Remember that this exercise sheet was written in a Jupyter notebook, so all of the narrative text and images you have seen so far were achieved writing in Markdown and code. Let’s cover the basics with a quick example:

# This is a level 1 heading

## This is a level 2 heading

This is some plain text that forms a paragraph. Add emphasis via **bold** and __bold__, or *italic* and _italic_. 

Paragraphs must be separated by an empty line. 

* Sometimes we want to include lists. 
* Which can be bulleted using asterisks. 

1. Lists can also be numbered. 
2. If we want an ordered list.

[It is possible to include hyperlinks](https://www.example.com)

Inline code uses single backticks: foo(), and code blocks use triple backticks: 
```
bar()
``` 
Or can be indented by 4 spaces: 

    foo()

And finally, adding images is easy: ![Alt text](https://www.example.com/image.jpg)

# This is a level 1 heading

## This is a level 2 heading

This is some plain text that forms a paragraph. Add emphasis via **bold** and __bold__, or *italic* and _italic_. 

Paragraphs must be separated by an empty line. 

* Sometimes we want to include lists. 
* Which can be bulleted using asterisks. 

1. Lists can also be numbered. 
2. If we want an ordered list.

[It is possible to include hyperlinks](https://www.example.com)

Inline code uses single backticks: foo(), and code blocks use triple backticks: 
```
bar()
``` 
Or can be indented by 4 spaces: 

    foo()

And finally, adding images is easy: ![Alt text](https://www.example.com/image.jpg)
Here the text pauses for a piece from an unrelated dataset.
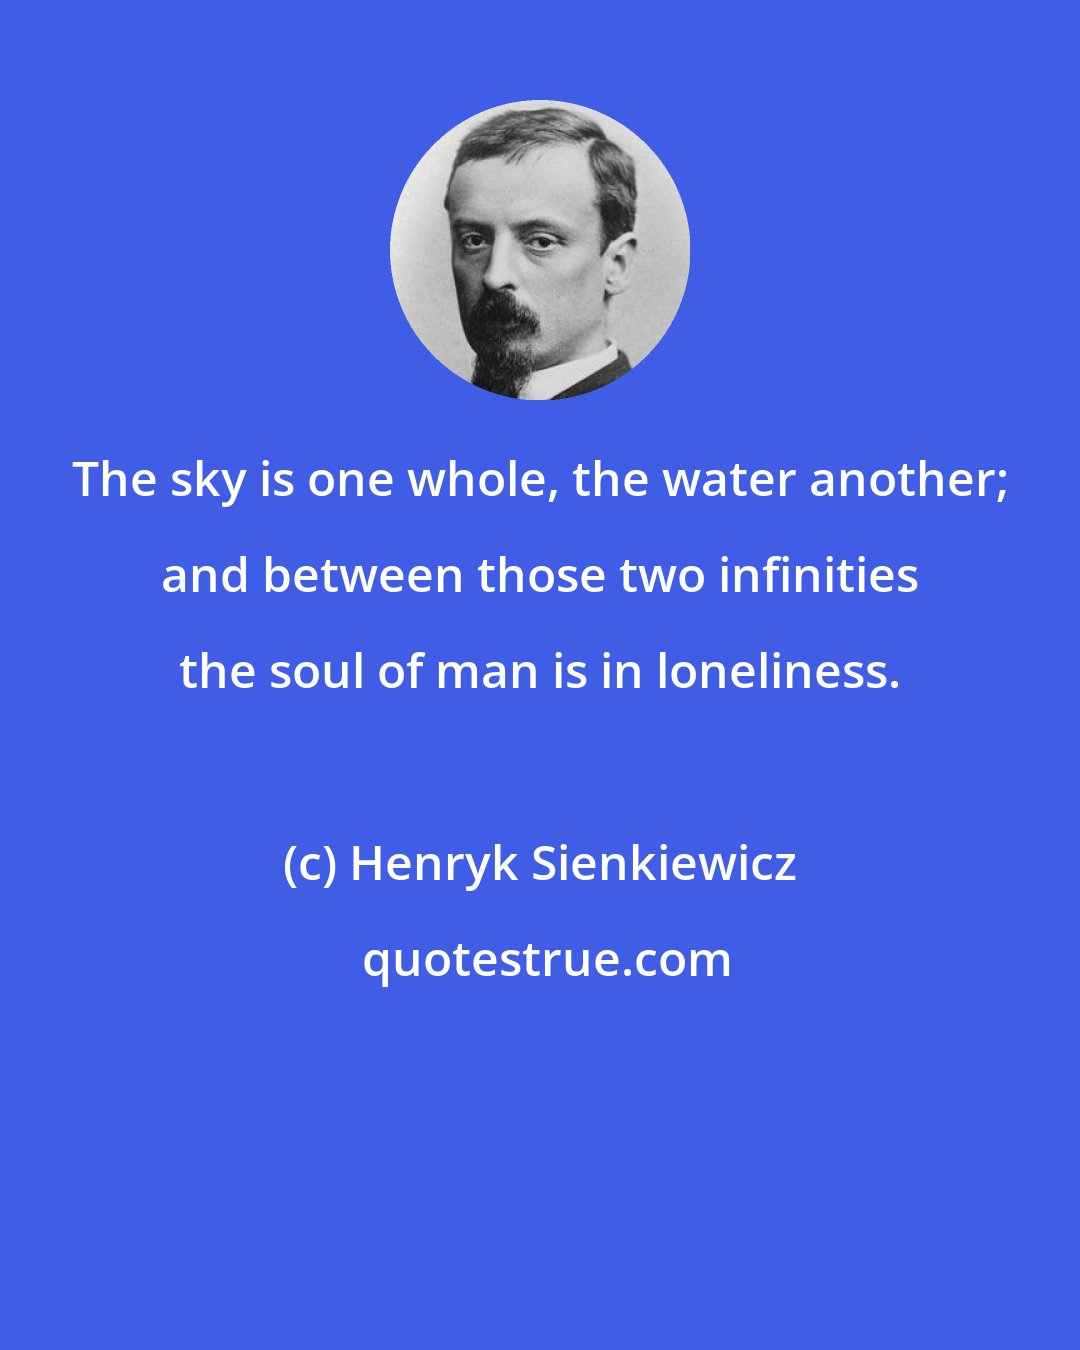 Henryk Sienkiewicz: The sky is one whole, the water another; and between those two infinities the soul of man is in loneliness.

To see the source text from which these lines were compiled, double click into the cell. It will then 
show you the source text. When you execute the cell it will show you the formatted markup text.

## Sharing Your Notebooks

When people talk about sharing their notebooks, there are generally two paradigms they may be considering.

Most often, individuals share the end-result of their work, much like this article itself, which means sharing non-interactive, pre-rendered versions of their notebooks. However, it is also possible to collaborate on notebooks with the aid of version control systems such as Git or online platforms like Google Colab.

### Before You Share

A shared notebook will appear exactly in the state it was in when you export or save it, including the output of any code cells. Therefore, to ensure that your notebook is share-ready, so to speak, there are a few steps you should take before sharing:

Click “Cell > All Output > Clear”
Click “Kernel > Restart & Run All”
Wait for your code cells to finish executing and check ran as expected

This will ensure your notebooks don’t contain intermediary output, have a stale state, and execute in order at the time of sharing.

### Exporting Your Notebooks

Jupyter has built-in support for exporting to HTML and PDF as well as several other formats, which you can find from the menu under “File > Download As.”

You can of course always share .ipynb files more directly and this is also the format I prefer for submitting your data essay.